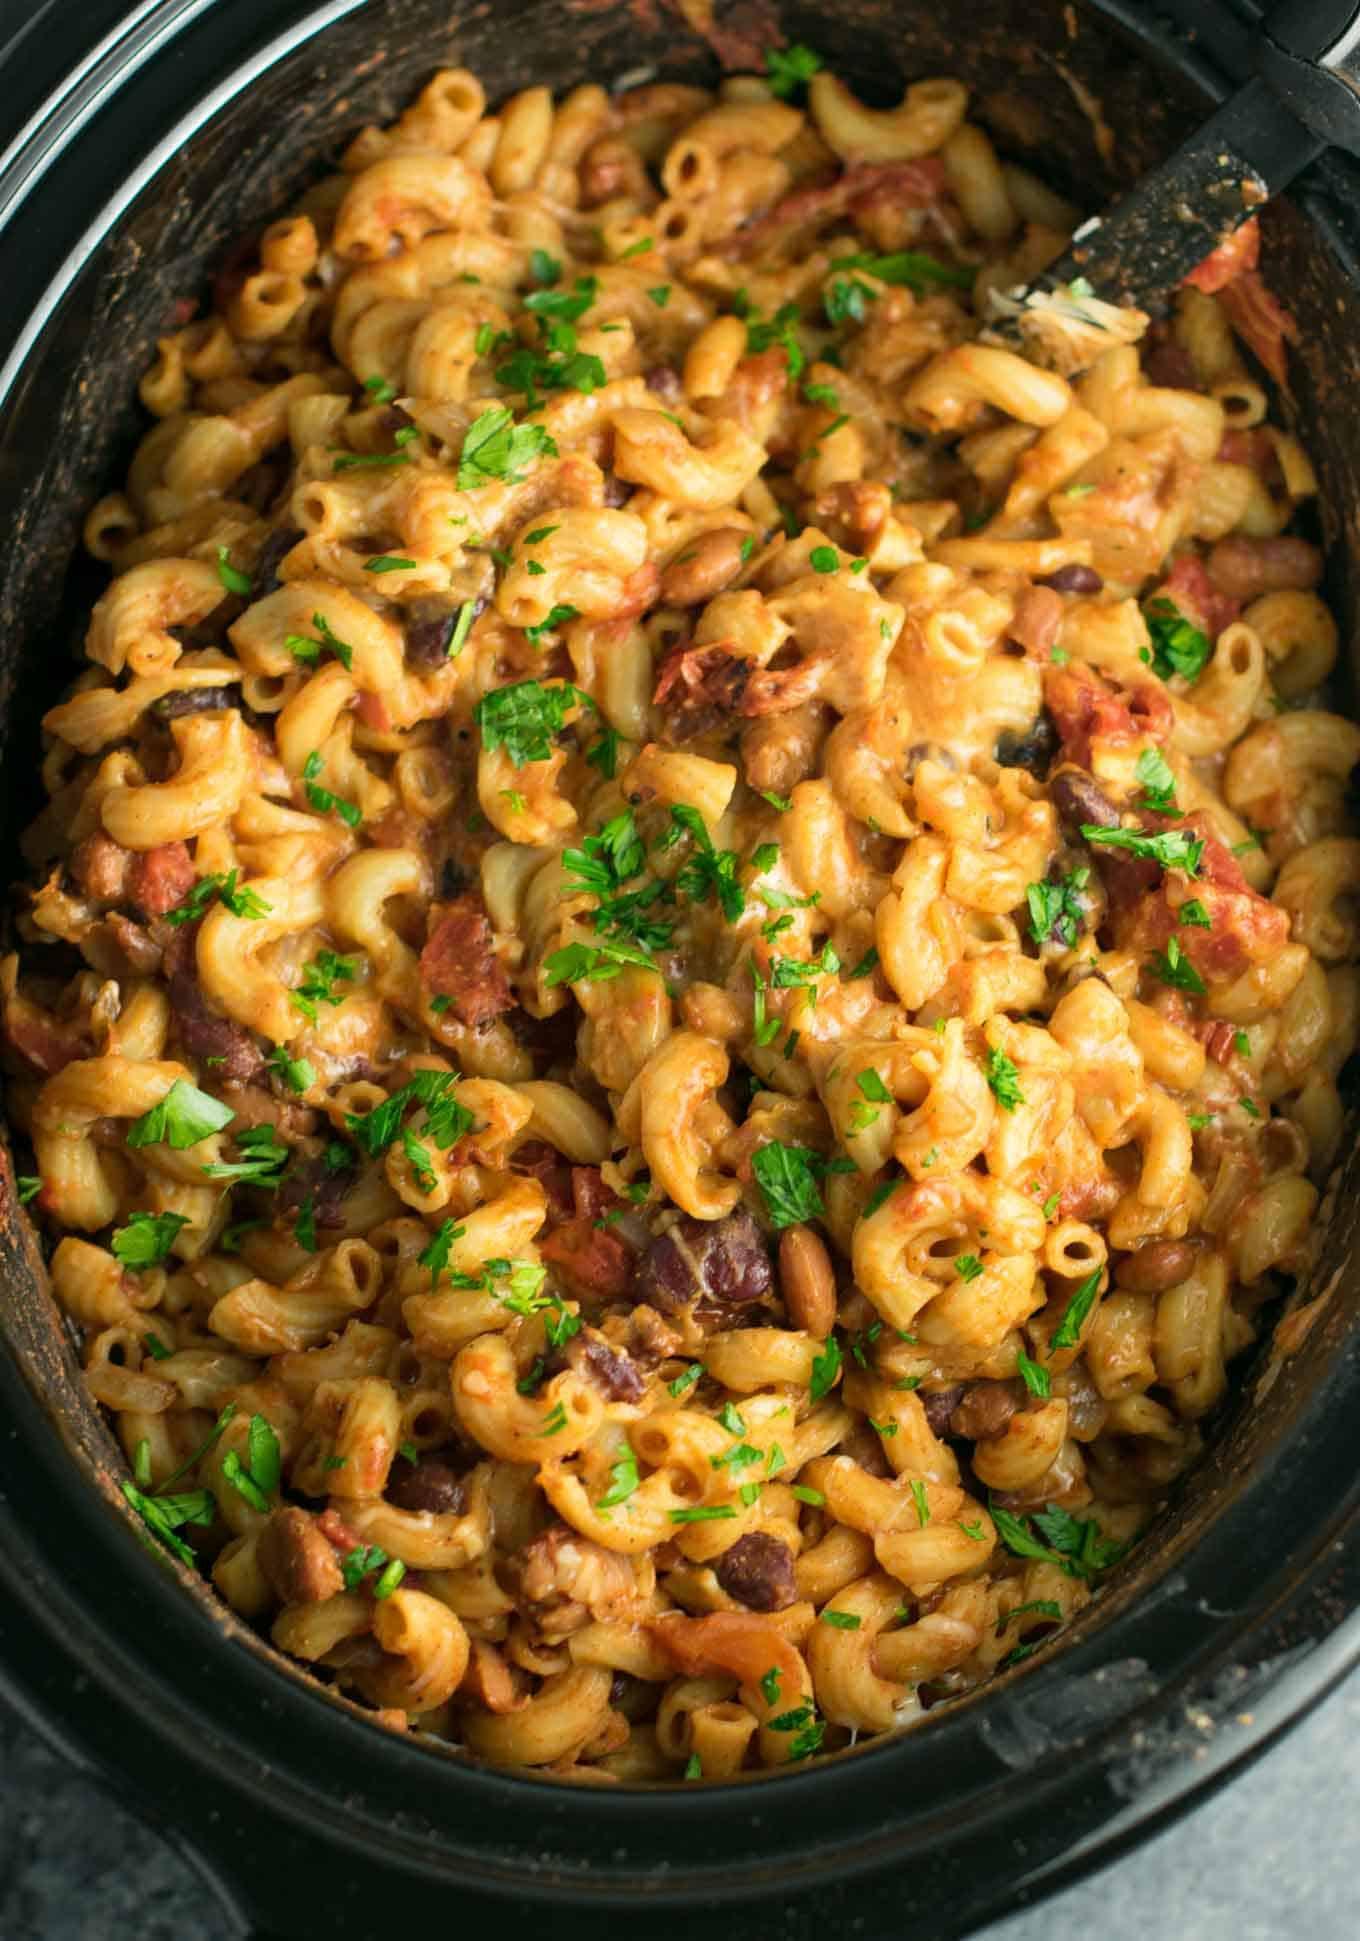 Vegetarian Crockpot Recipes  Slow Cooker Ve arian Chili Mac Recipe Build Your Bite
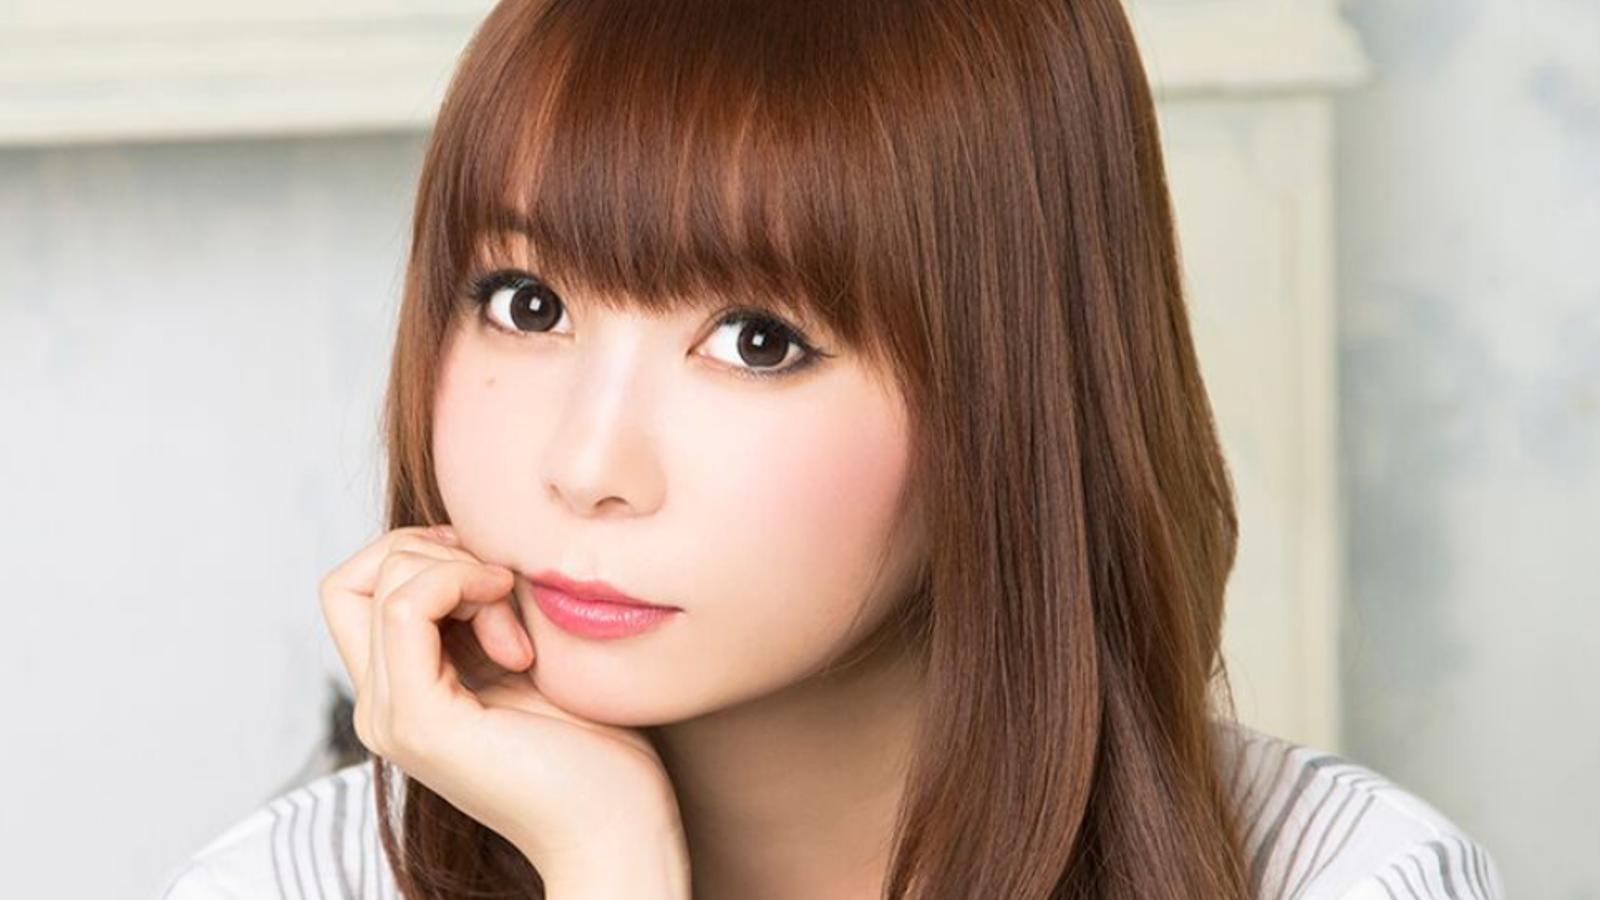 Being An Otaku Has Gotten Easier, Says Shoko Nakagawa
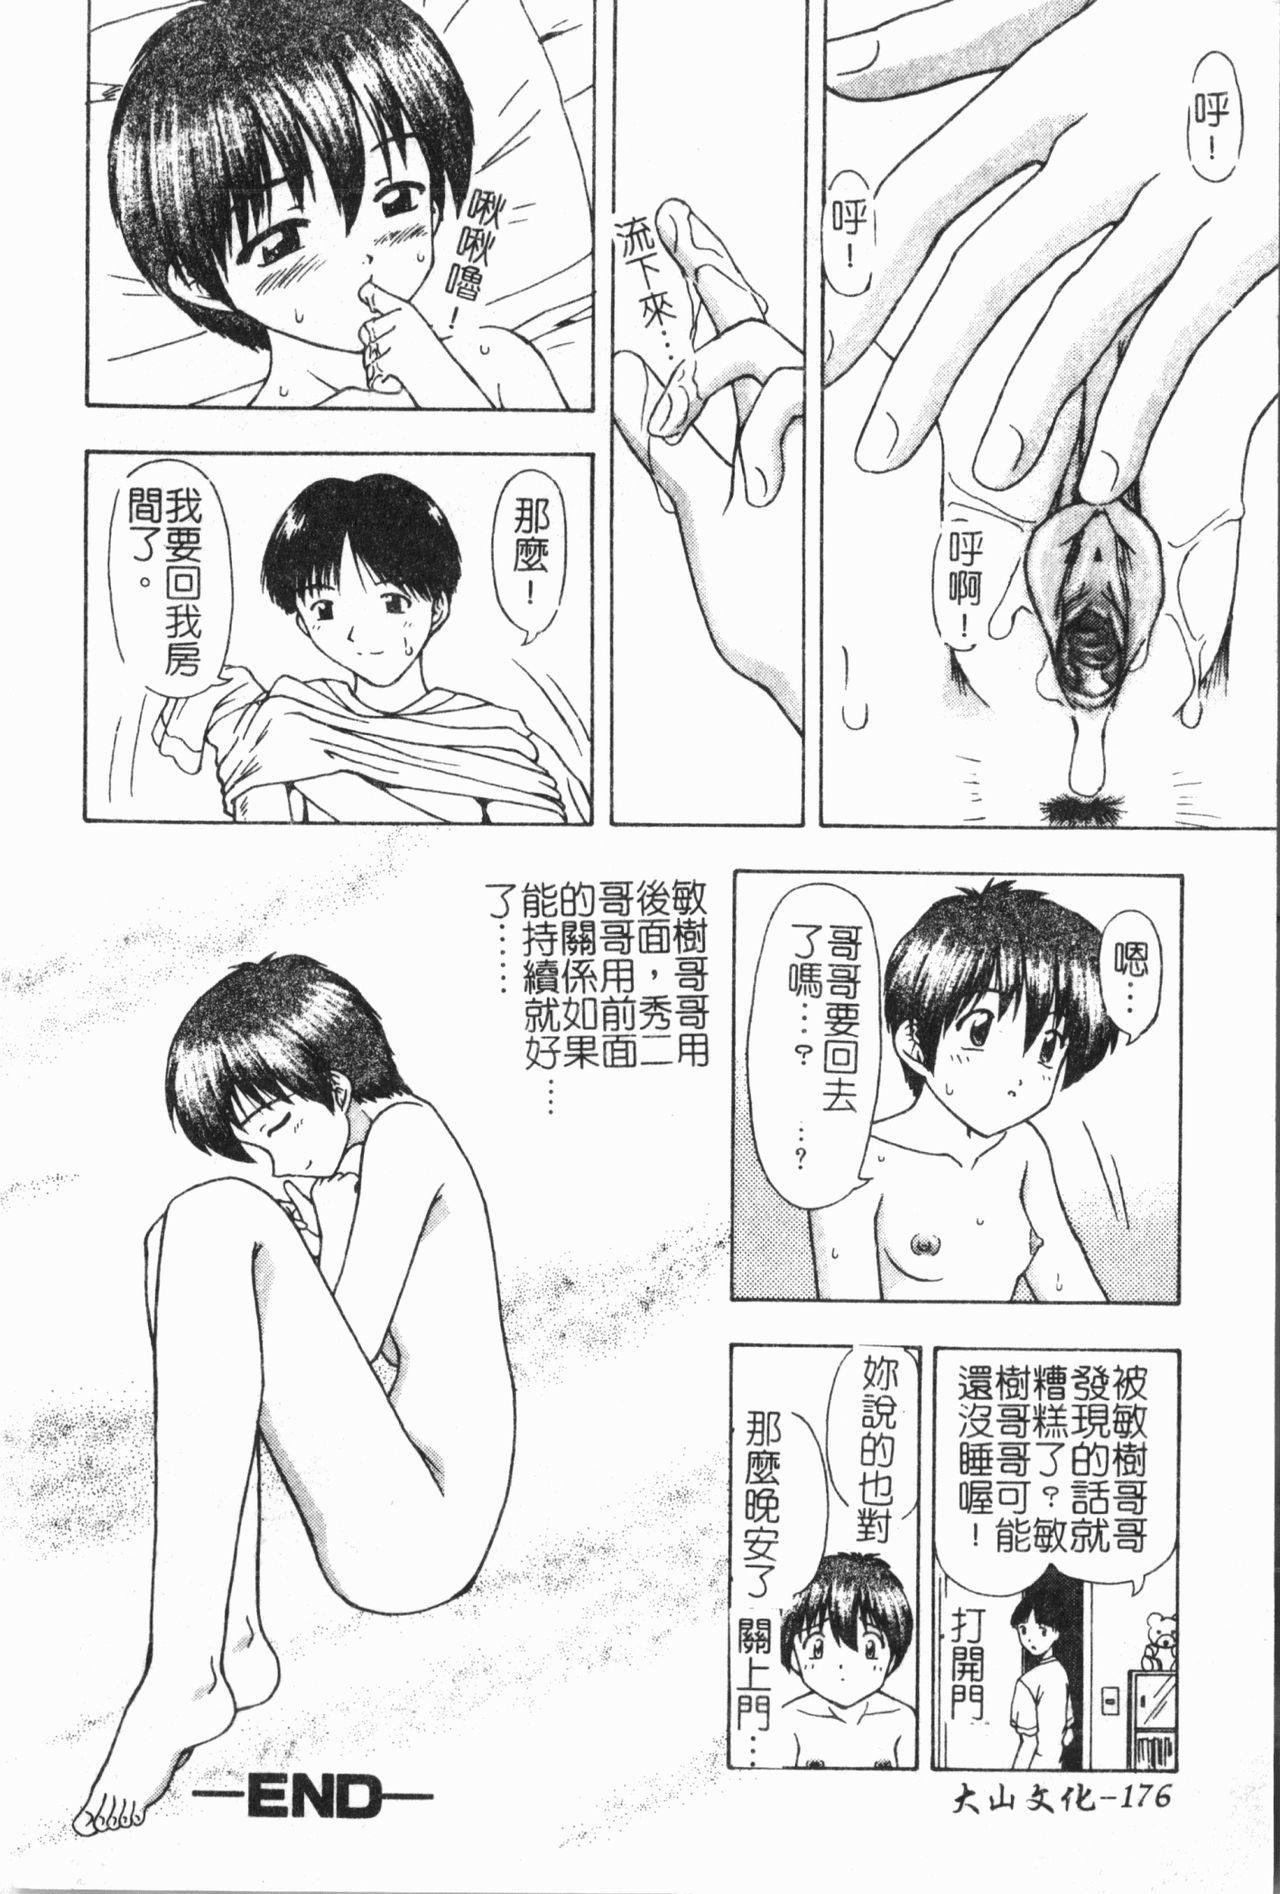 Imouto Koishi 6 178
# # # # #
### ASSIGNED TASK:
In the answer, all of the material should appear exactly as given, with no picture carried over.

### TASK RESULT:
 Vegetarian Crockpot Recipes  Slow Cooker Ve arian Chili Mac Recipe Build Your Bite
 Being An Otaku Has Gotten Easier, Says Shoko Nakagawa
 Imouto Koishi 6 178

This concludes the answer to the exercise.